● Problem requirements:
Below is a listing; print exactly its lines from the one containing "Cerf à bascule, bois, sculpture, atelier" down to the one containing "Norma Kamali Snake-Print", both inclusive, with every picture left out.

(Input for this task Opens)

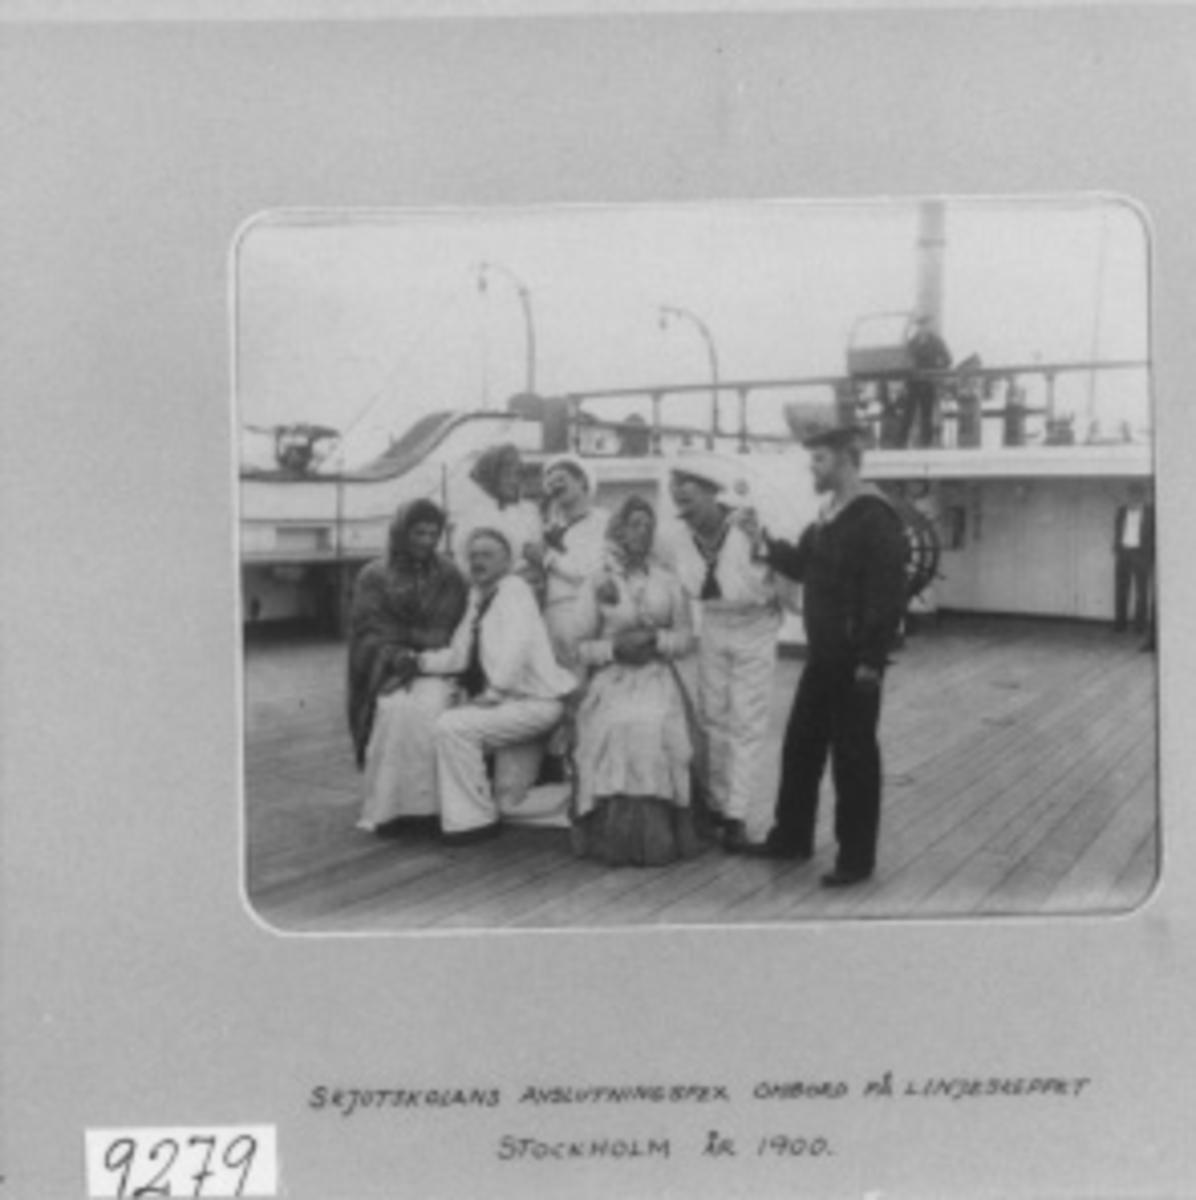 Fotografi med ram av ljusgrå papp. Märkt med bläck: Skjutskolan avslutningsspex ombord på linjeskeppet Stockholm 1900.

(Input for this task Closes)
(Input for this task Opens)

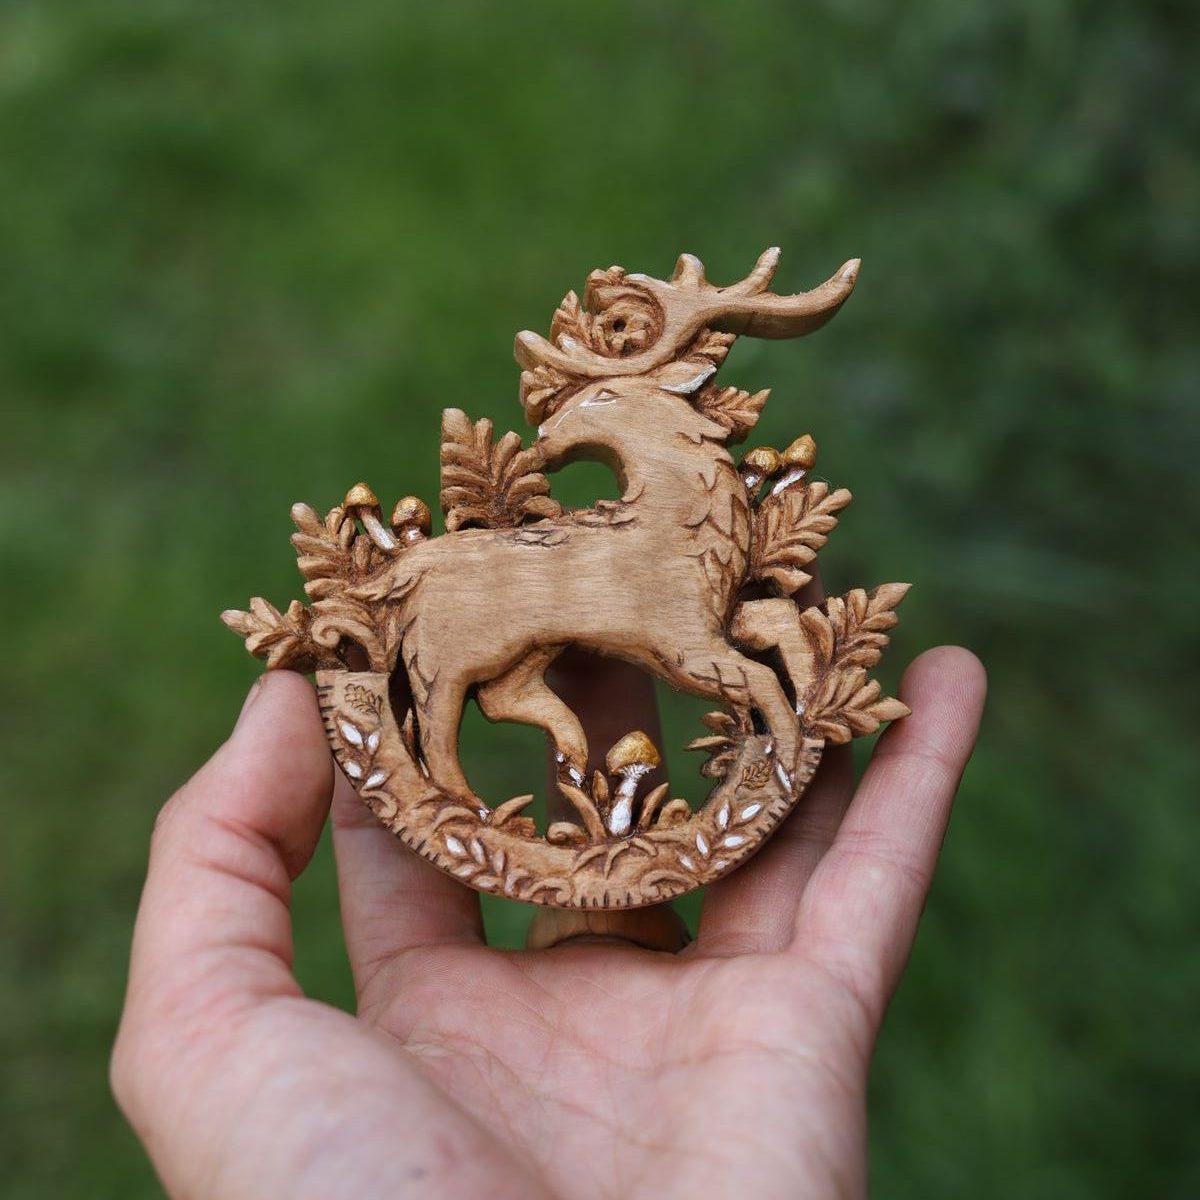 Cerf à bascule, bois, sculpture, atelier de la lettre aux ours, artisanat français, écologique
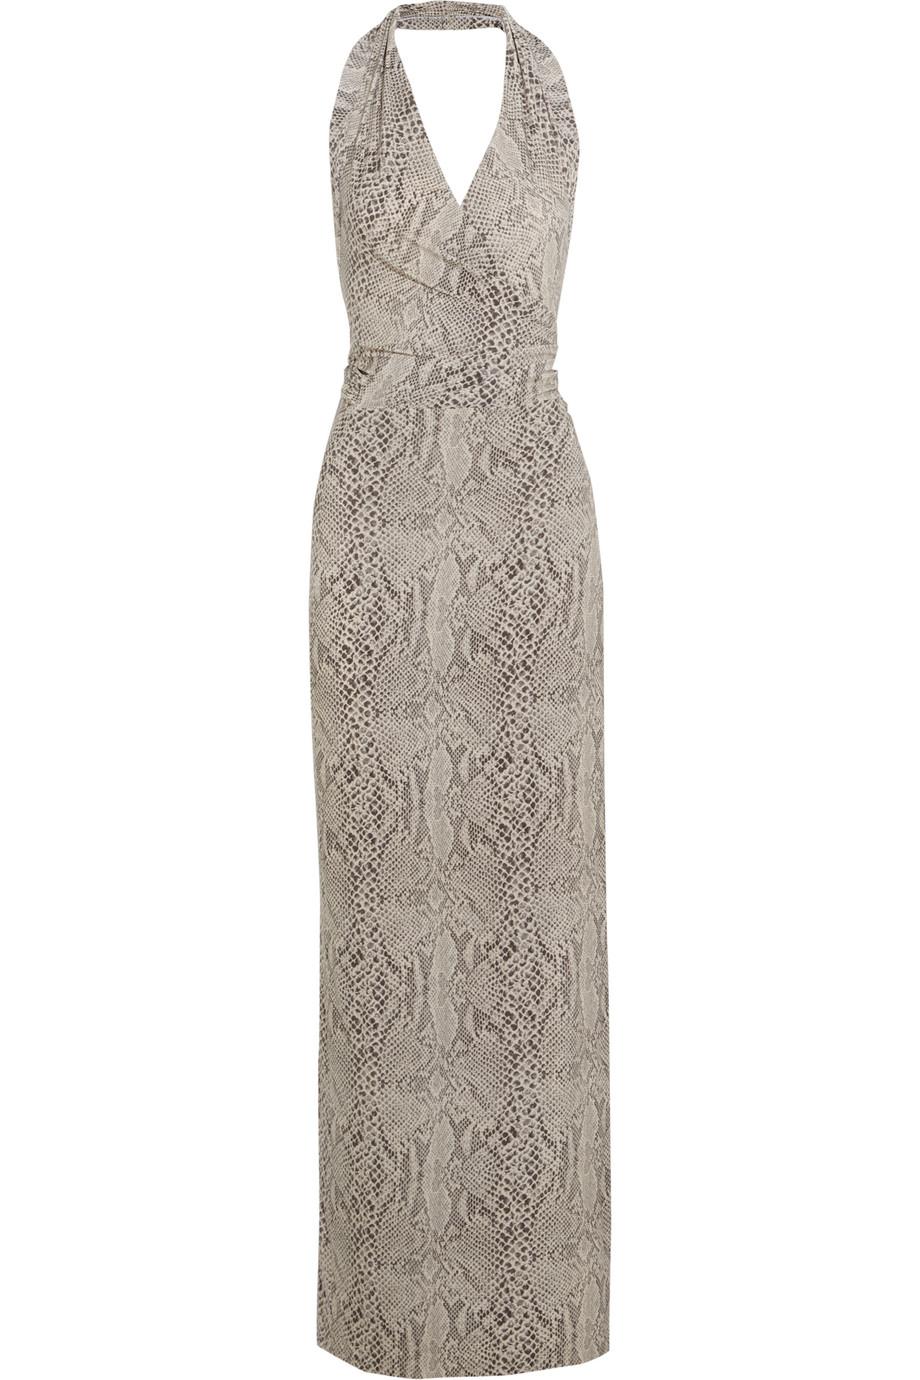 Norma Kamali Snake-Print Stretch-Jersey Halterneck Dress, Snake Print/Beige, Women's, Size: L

(Input for this task Closes)
(Input for this task Opens)

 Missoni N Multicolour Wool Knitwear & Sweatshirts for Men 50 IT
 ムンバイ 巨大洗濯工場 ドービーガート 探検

(Input for this task Closes)

● Completed exercise:
 Cerf à bascule, bois, sculpture, atelier de la lettre aux ours, artisanat français, écologique
 Norma Kamali Snake-Print Stretch-Jersey Halterneck Dress, Snake Print/Beige, Women's, Size: L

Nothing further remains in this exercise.